■ **Goal of the exercise**
Find the line below with "BuddyLove Skylar Fringe". Print it and every line after it exactly, through the last line, leaving out the pictures.

■ **Information supplied**
- - -

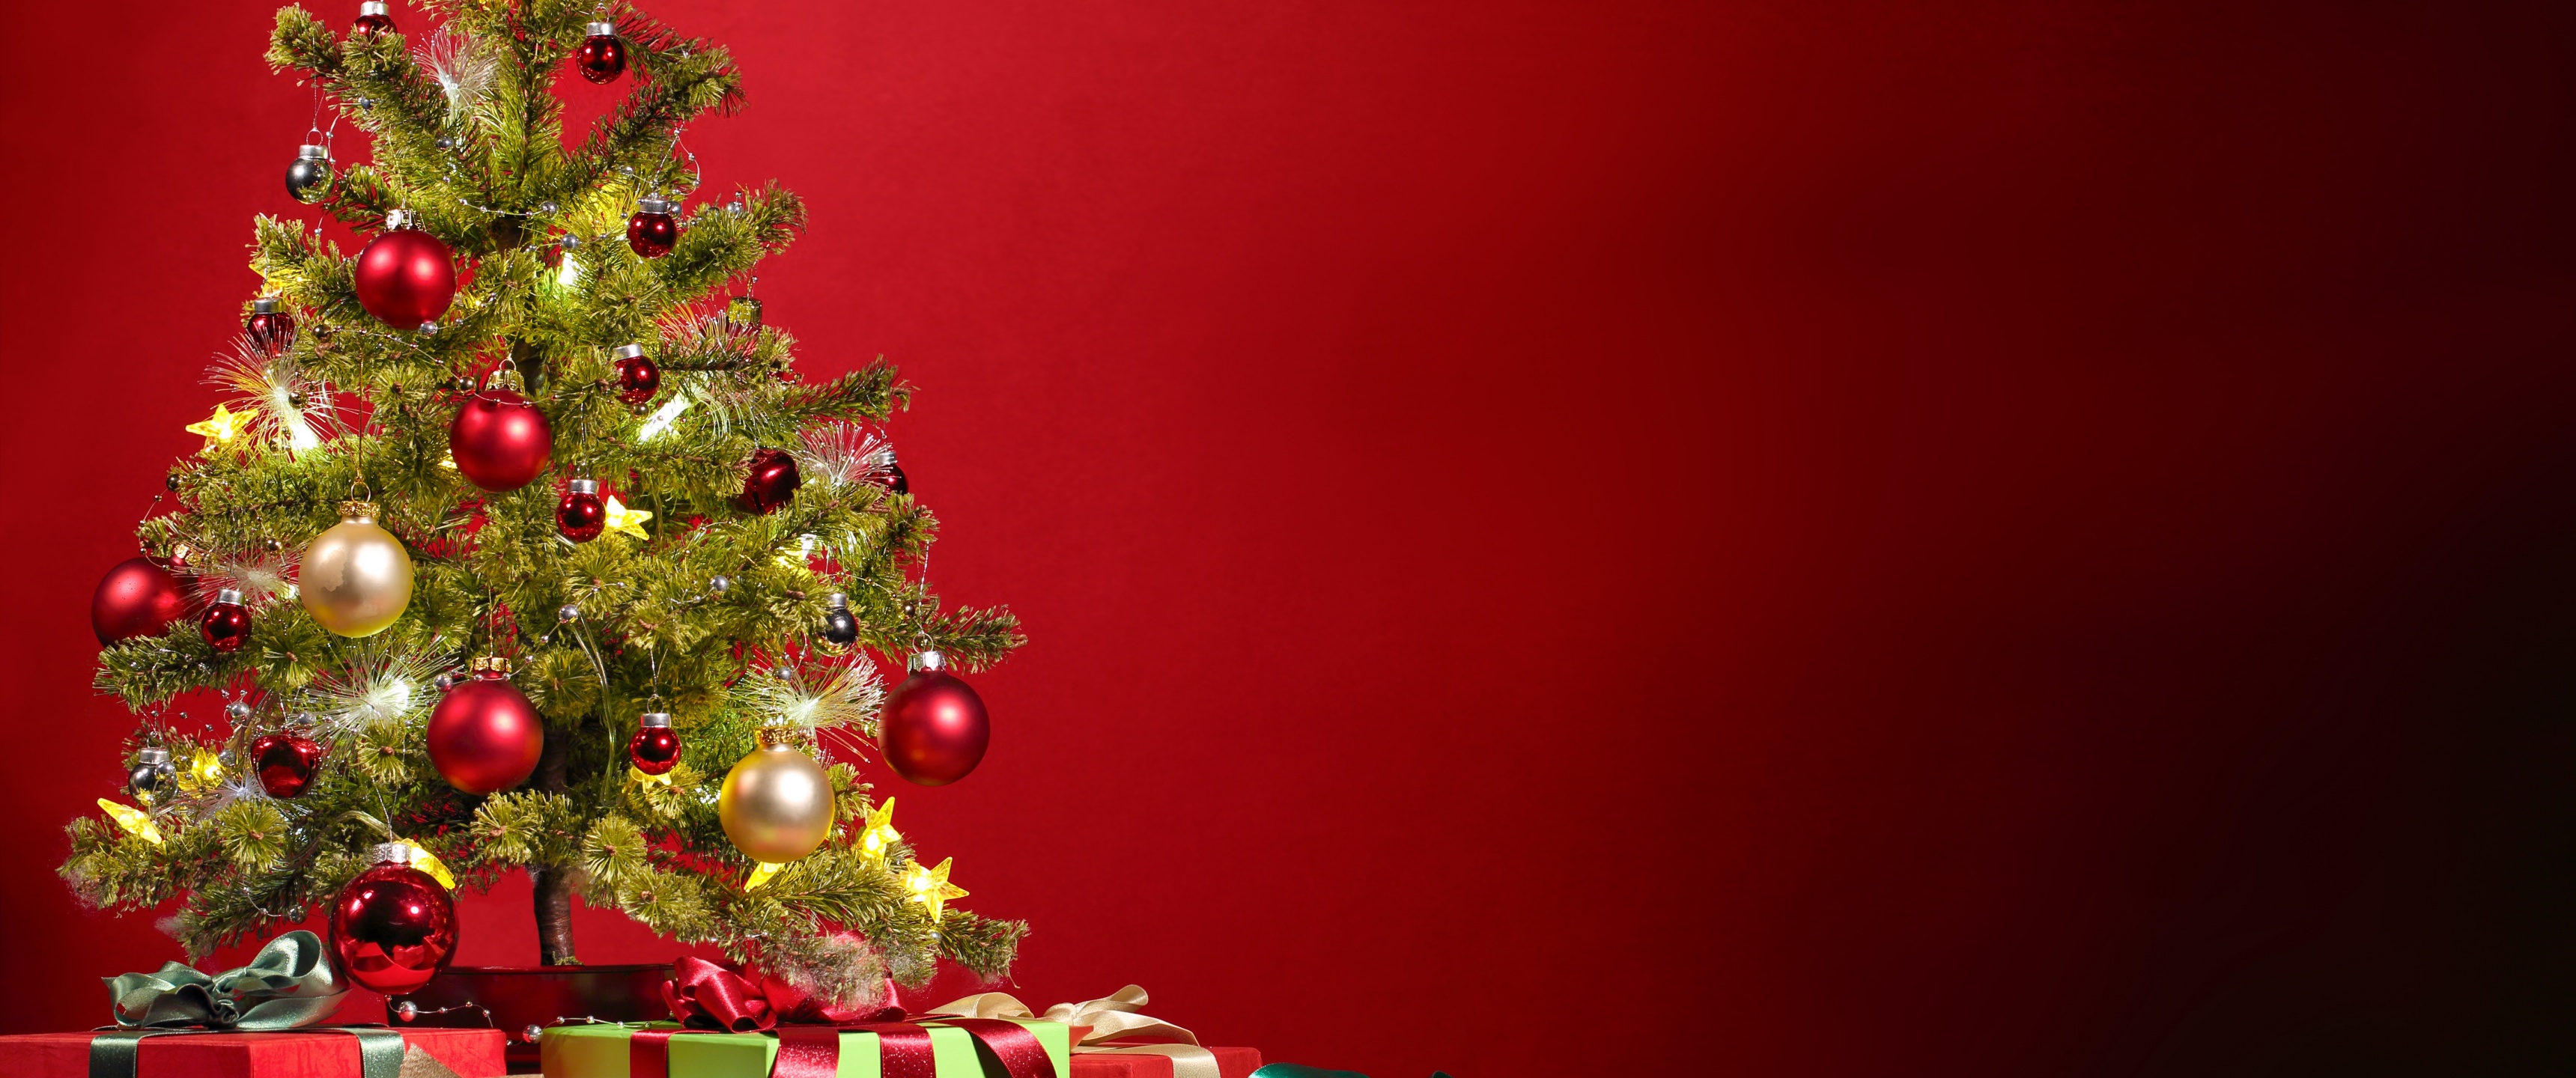 Sẵn sàng cho Tết nguyên đán? Bức ảnh nền desktop 4K về cây Giáng sinh và trang trí đón Tết tại đây để giúp bạn chuẩn bị tốt hơn cho những ngày Tết truyền thống sắp tới! Hình nền lung linh và đầy màu sắc này sẽ giúp cho không gian của bạn trở nên ấm áp và đầy niềm vui của mùa Giáng sinh.
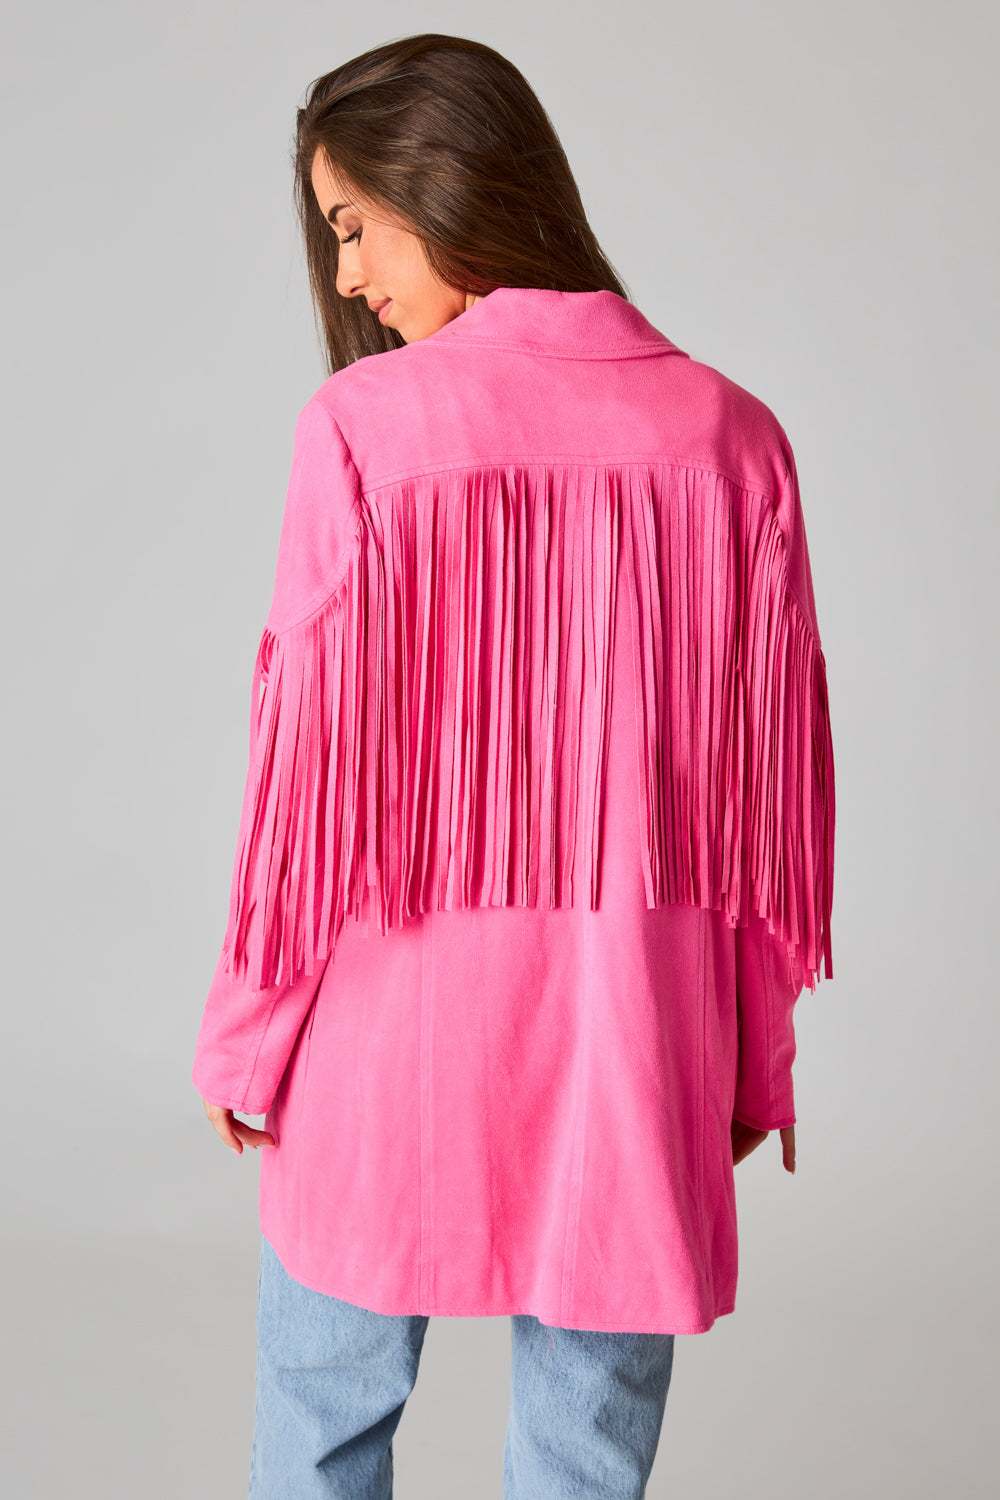 BuddyLove Skylar Fringe Faux Fur Jacket - Hot Pink XL Solids
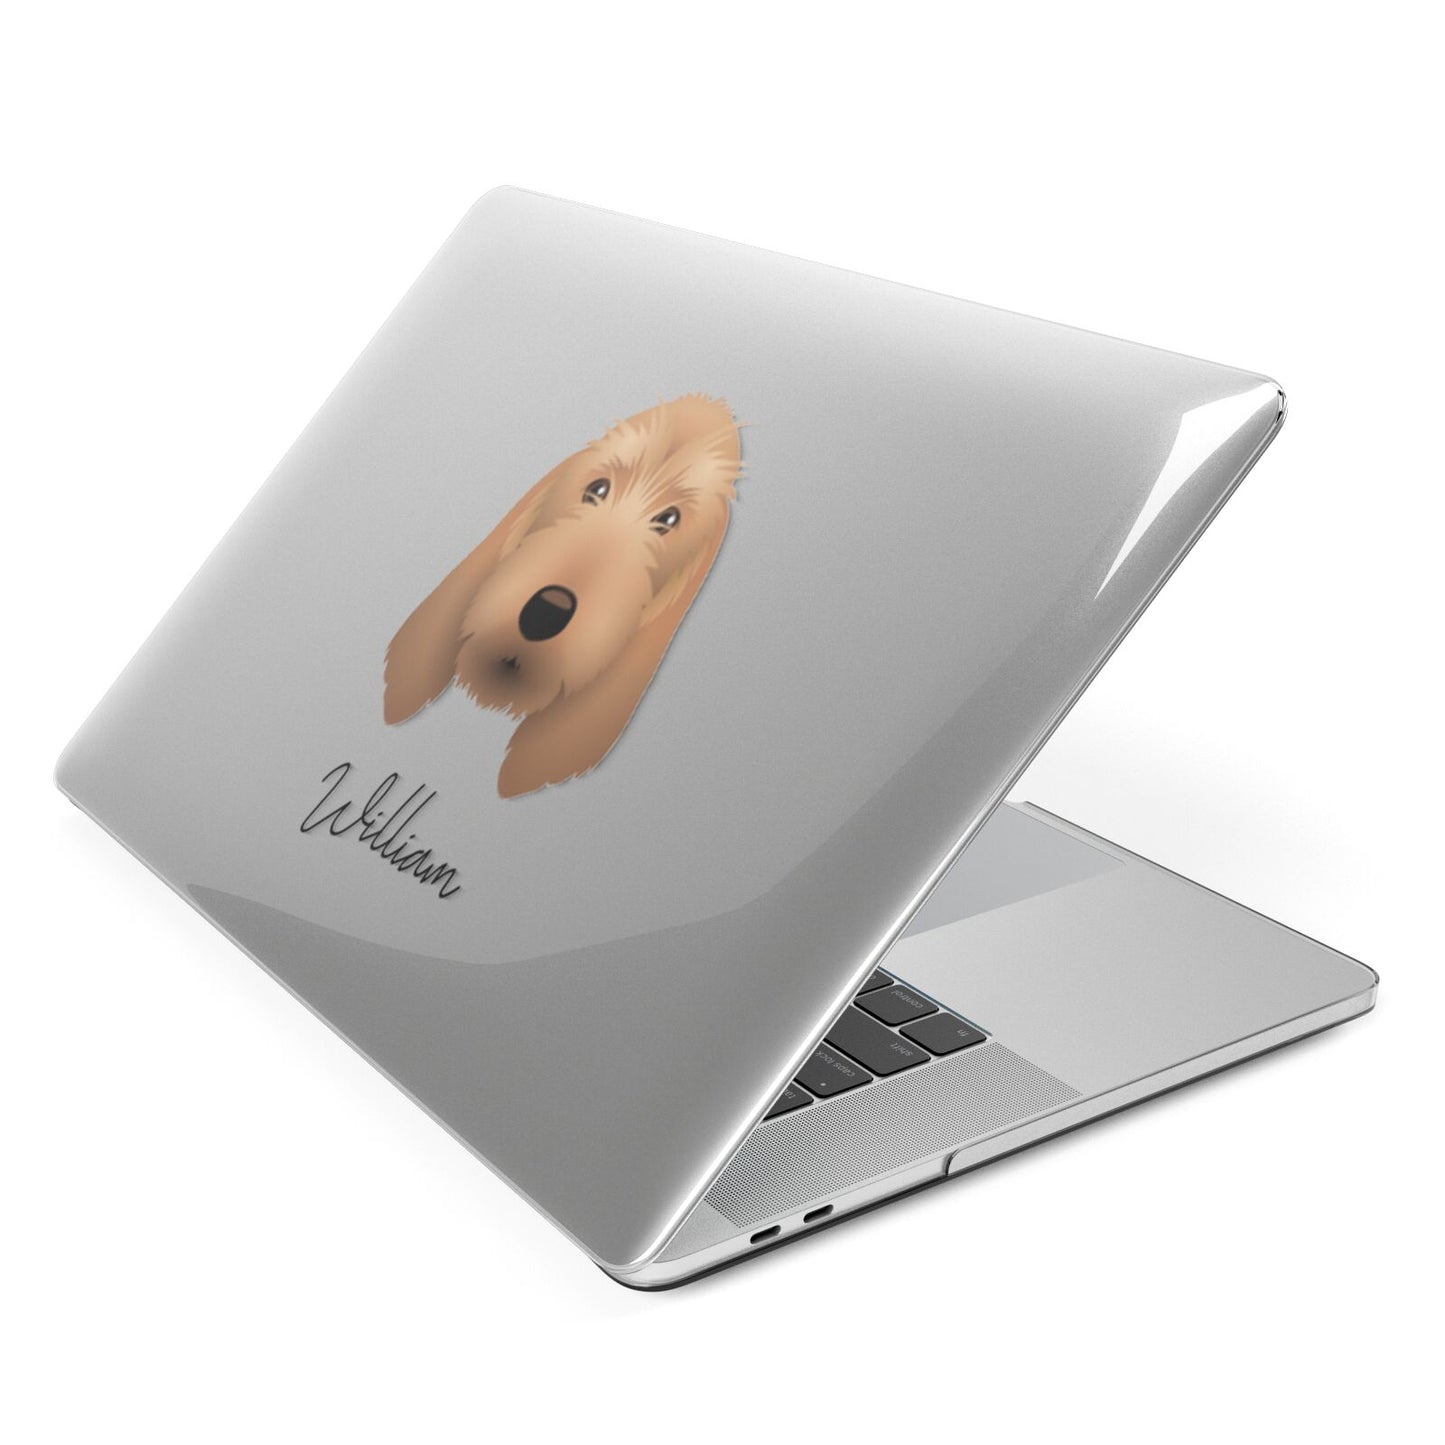 Basset Fauve De Bretagne Personalised Apple MacBook Case Side View

- - -

■ **Exercise output**
 BuddyLove Skylar Fringe Faux Fur Jacket - Hot Pink XL Solids
 Basset Fauve De Bretagne Personalised Apple MacBook Case Side View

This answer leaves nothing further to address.